Below are the comments from the economist.

“My concern is we are going to fizzle out on sow slaughter in the second half of 2009,” said University of Missouri agricultural economist Ron Plain. He pointed to four-week data showing sow slaughter down 4.2 percent from a year ago. He noted, however, that because the sow herd has been steadily declining, that translates into a decline of just 0.7 percent as a percentage of inventory.

Paragon Economics President Steve Meyer sounded similar concerns. In the CME Group’s Daily Livestock Report he noted a sharp drop in U.S. sow slaughter in recent weeks. The 54,700 head culled in the week ended Jan. 29 was the lowest non-holiday week total since August 2007 and the lowest non-holiday non-summer vacation week since 2005. The dip in culling happened after corn and soybean meal futures fell and lean hog futures rallied, taking hog producer profit prospects to their highest level since 2007.

Plain says hog producers are still losing about $10 to $15 per head, but predicts profitability from May through August, maybe into September, if exports and domestic demand are strong. But that’s only four, maybe five months out of 12, he notes.

“We need to keep cutting…we have a lot of debt piled up and need to cut more. My first concern is that they will stop reducing and we certainly don’t need to expand the hog herd,” Plain said.
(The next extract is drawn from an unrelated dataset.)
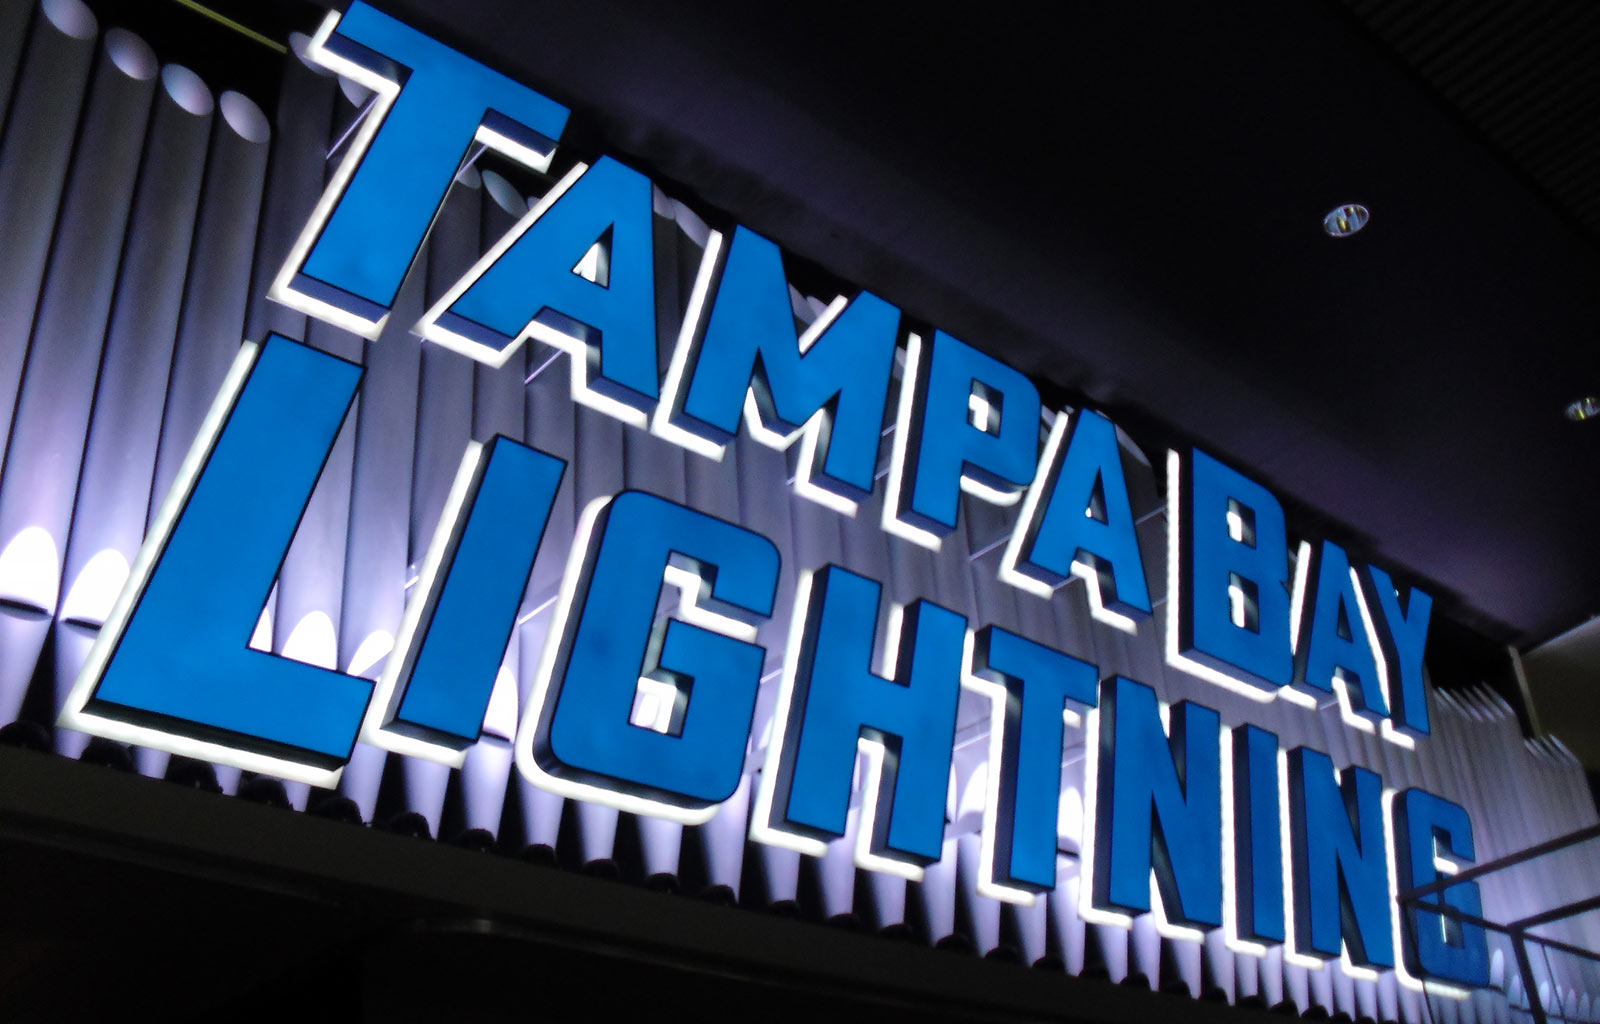 Tampa Bay Lightning Organ Signage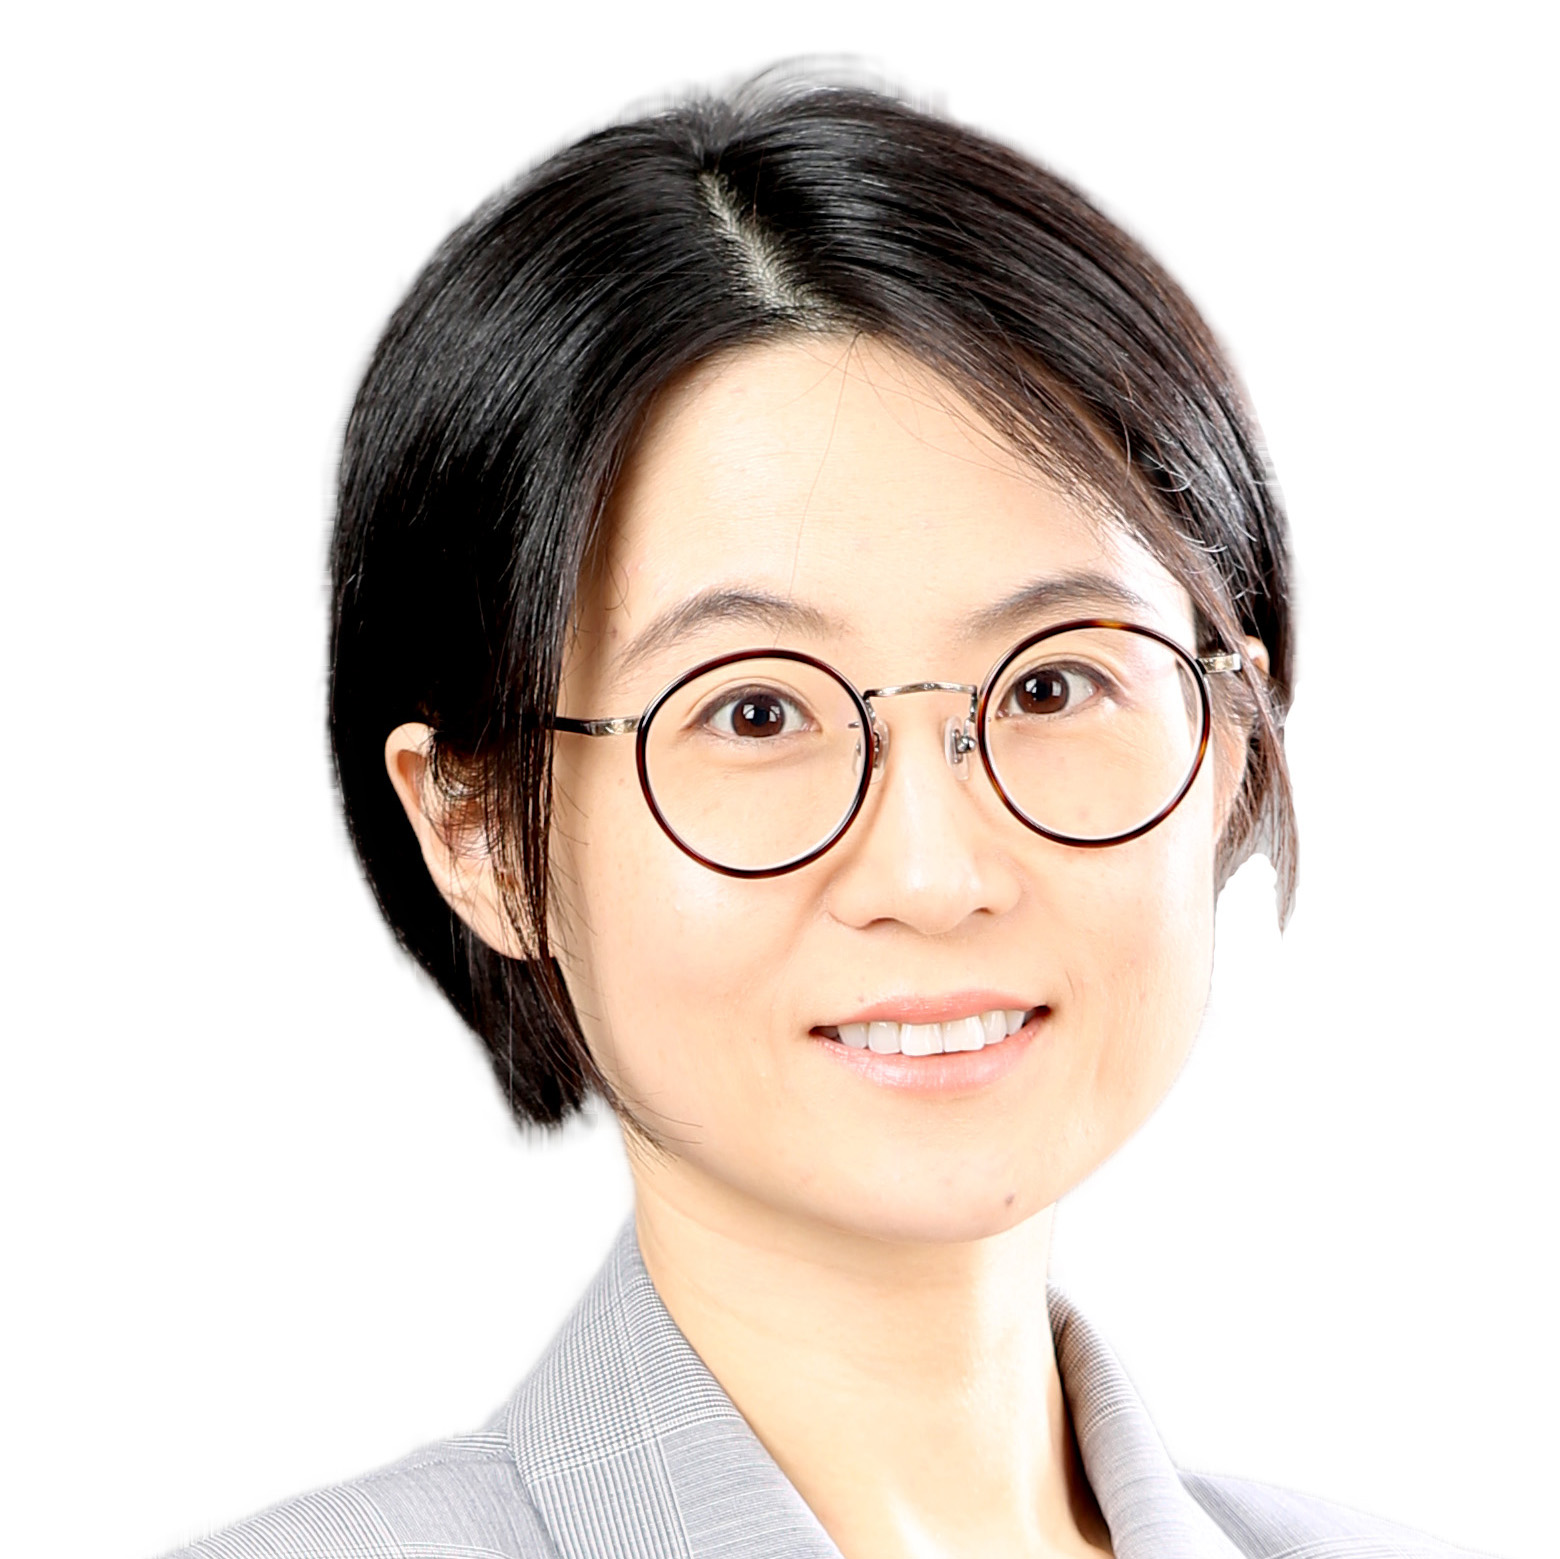 Dr. Frances Jin

Meyer noted that while sow herds shrink, pigs per litter continue to expand, so there will still be plenty of pork. He predicted a 1.4 percent decline in slaughter for the year and that weights will be down about 1 percent, unless another cool summer boosts weights like last year.

He understands the allure of better profitability prospects, but wondered out loud if the slowdown in sow slaughter is the best thing in the long run, adding, “I guess we’ll find out.”